Williams and Craig also formed the Jean Duluth Stock Farm, which encompassed more than 4,000 acres, the largest agricultural farm in the area.

Their company also had connections with the Guernsey Breeders Association.

Williams’ community service and civic interests included being a member of the Chamber of Commerce, City Charter Commission and the Kitchi Gammi Club. He was definitely a dynamic character with myriad interests, and as such, his wealth allowed for a gracious residence to be erected in the Congdon Park neighborhood.

One of the premier architects of the era, Chicago and Boston architect Frederick Wainwright Perkins, was chosen to design the mansion. Built between 1913 to 1914 at an unknown cost, the house exemplifies an English Revival style.

Most intriguing is the concave northwest façade, which compliments the curved brick herringbone driveway. Elizabethan style parapet gables dominate almost every side, except the concave side. Albeit somewhat hidden under the eaves are rafter tails; not typically associated with this style of architecture.

The exterior was constructed mainly of brick, laid in the Flemish bond pattern. Limestone accents can be seen around the house; mainly the enclosed brick retaining wall, keystones, balustrades and trapezoidal bay of windows at the south-facing façade. Arched and segmental windows, as well as elongated rectangular windows allow for plenty of natural light to flood the interior.

The property includes a matching garage. For entertainment, the property included an outdoor in-ground garden pool, expansive gardens, and includes a bowling alley with original manual “loop-the-loop” ball return system, and a ballroom on the third story.

The house was constructed with some of the finest materials available at the time, and used the best engineering to include steel I-beams.

The seven-bedroom, five-bathroom, seven fireplace (five converted to gas) manse covers a little more than 8,800 square feet; roughly 7,000 livable square feet.

After the property was sold out of the Williams family by descendants, Dr. Edward Edwin Webber, owner of Webber Hospital of West Duluth, and physician for the Duluth Mesabi & Northern Railway (DM&NR), which became the Duluth Mesabi & Iron Range Railway (DM&IR), purchased the property after Williams’ death on Aug. 28, 1937, aged 82. Julia preceded him on July, 6, 1935, aged 72.

Both were interred at the family plot in Forest Hill Cemetery.

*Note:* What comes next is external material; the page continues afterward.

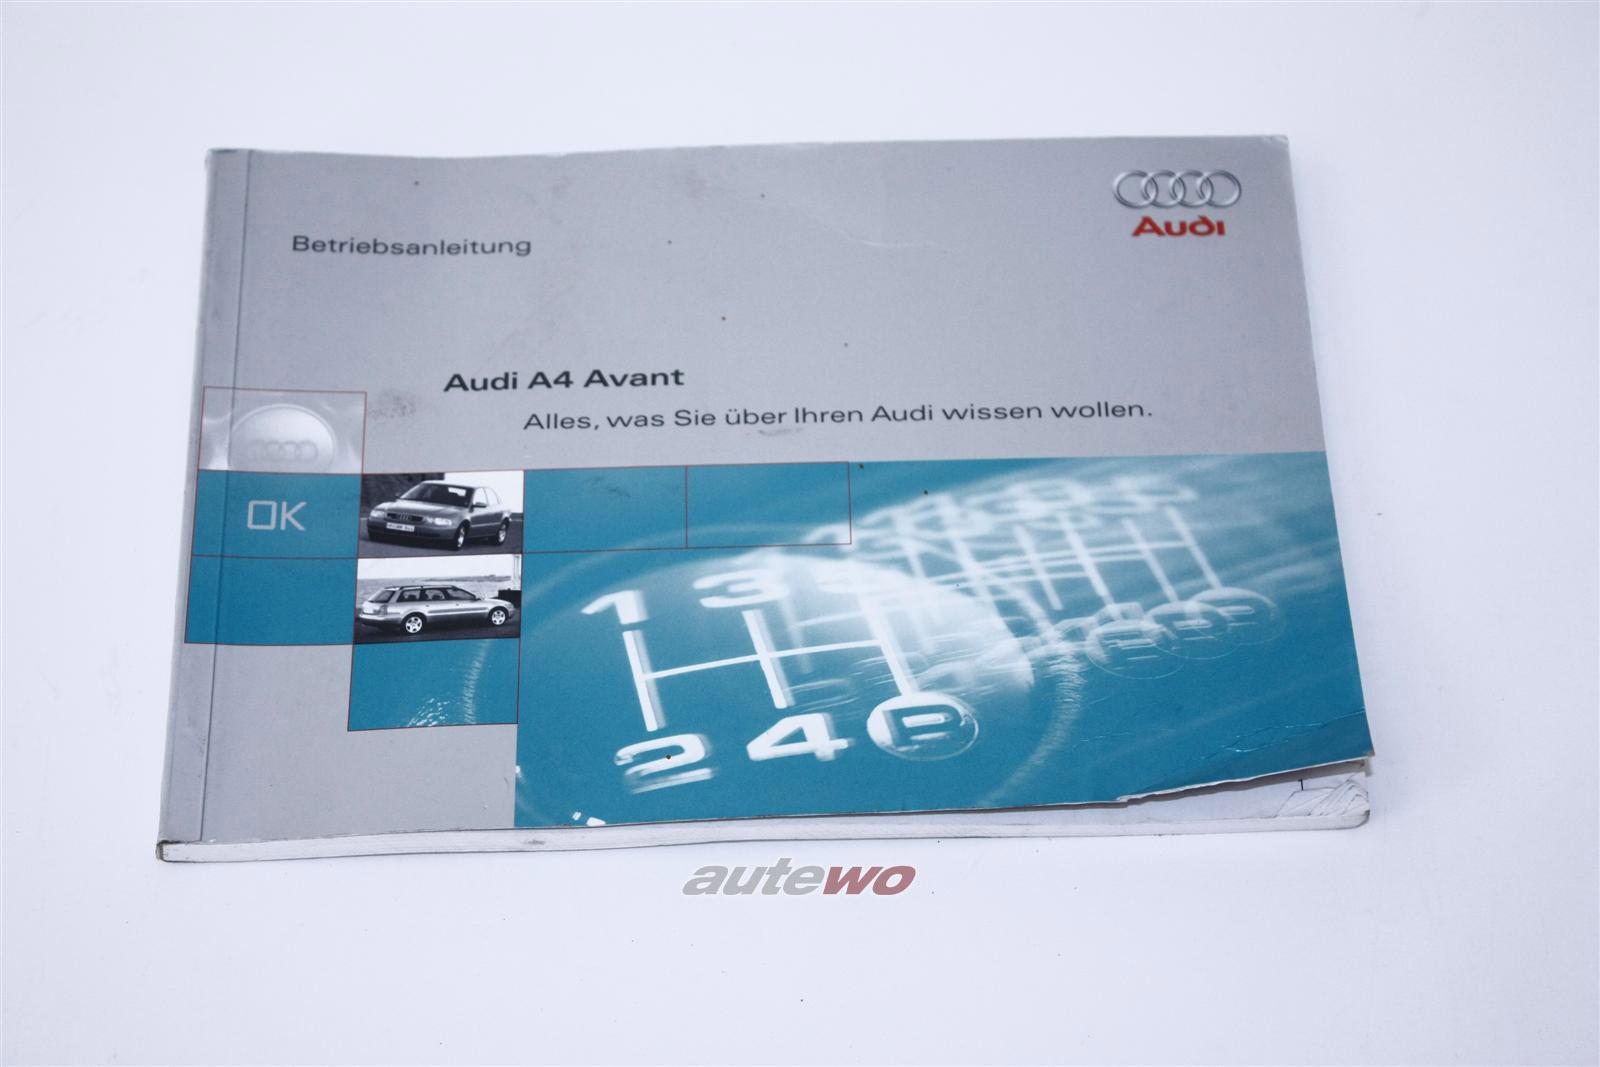 Audi A4 B5 Avant Betriebsanleitung Ausgabe 12/1995

Following the sale from Webber’s ownership in 1943, it was purchased by the acclaimed and renowned Minnesota author, Sinclair Lewis in 1944. He was the first American writer to win a Nobel prize in Literature. He owned the property from 1944 to 1946.

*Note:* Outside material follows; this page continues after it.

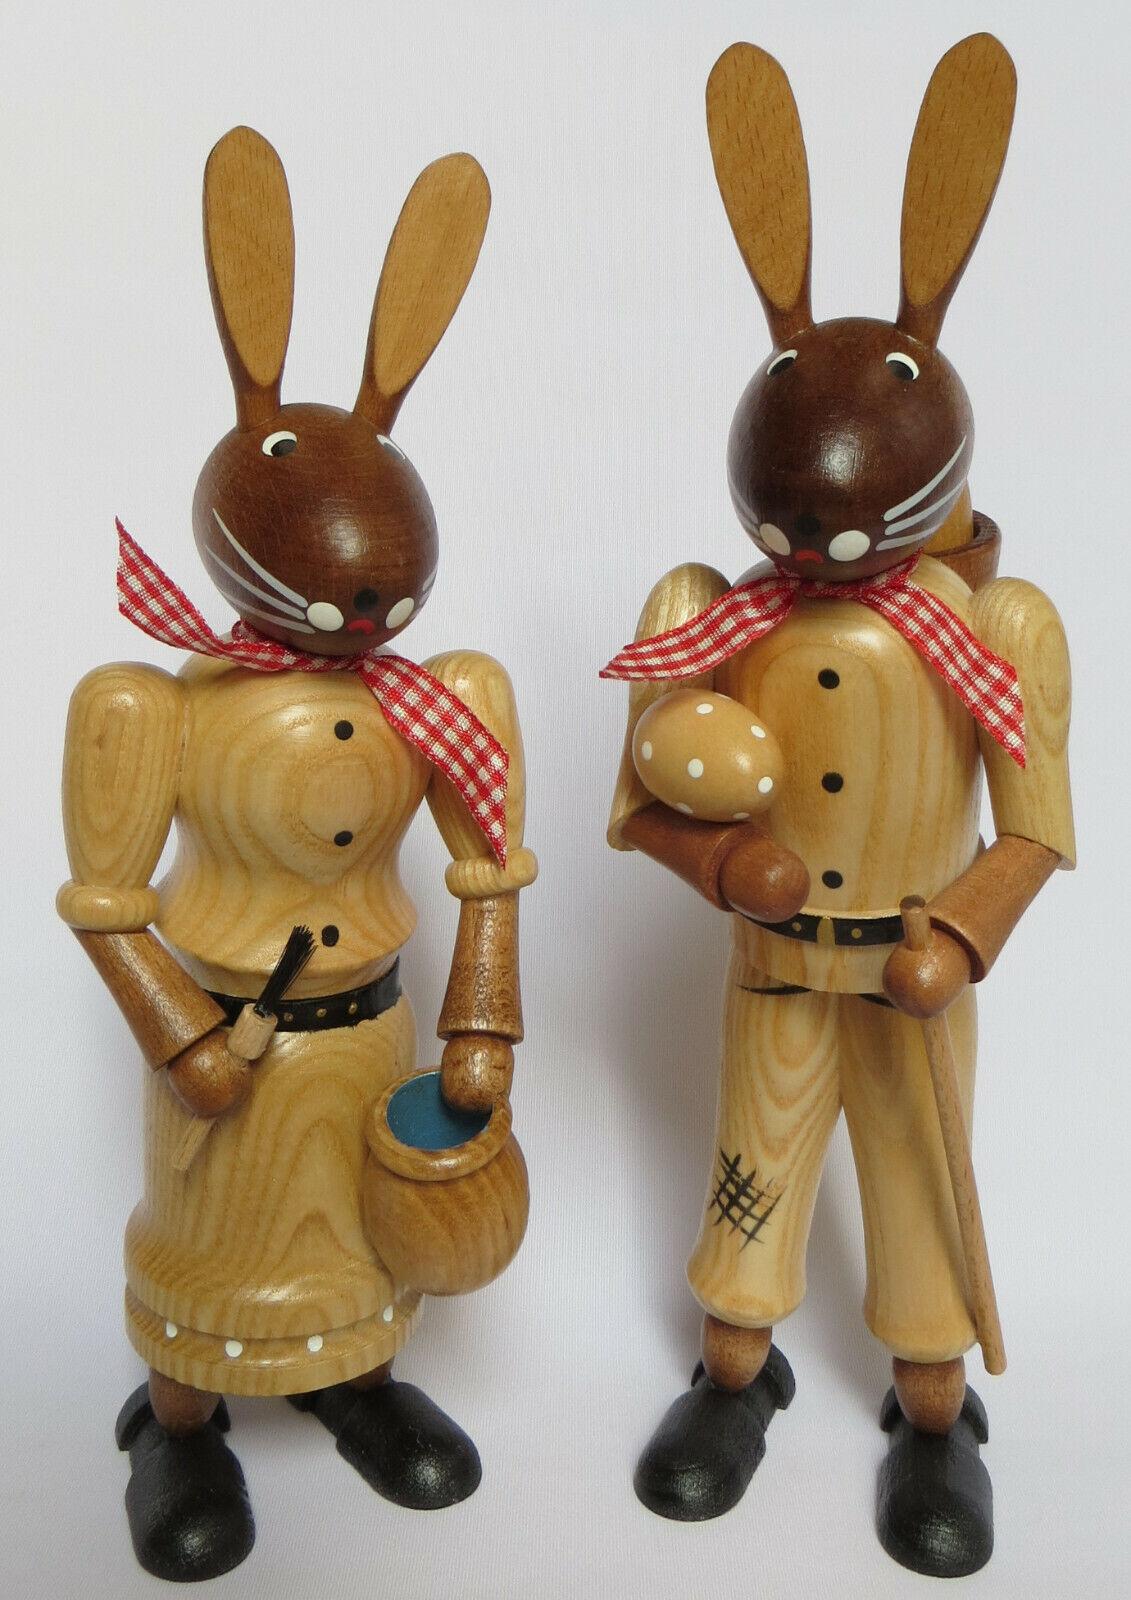 Osterhasenpaar 23cm groß natur-Holz Erzgebirge Handarbeit Hasen-Paar Osterhasen

While residing at the house, he wrote two books: Minnesota Diary, 1944-46, which was published while he lived there, and the controversial Kingsblood Royal, which was published after he moved in 1947. It has been speculated that Kingsblood Royal was based on a fictional Duluth, referred to as “Grand Republic, Minnesota” in the book.

After publication, many critics considered it to be “an enlarged and updated version of Zenith.” Lewis sold the property to the Dominican Nuns, who used the house as a convent from 1951 to 1992.

Since then, the storied property has had a couple of owners who have been good stewards. In recent years, the house was used for scenes in two short films, The Plan and The Deft.

The landmark house is one of several homes designed by Perkins.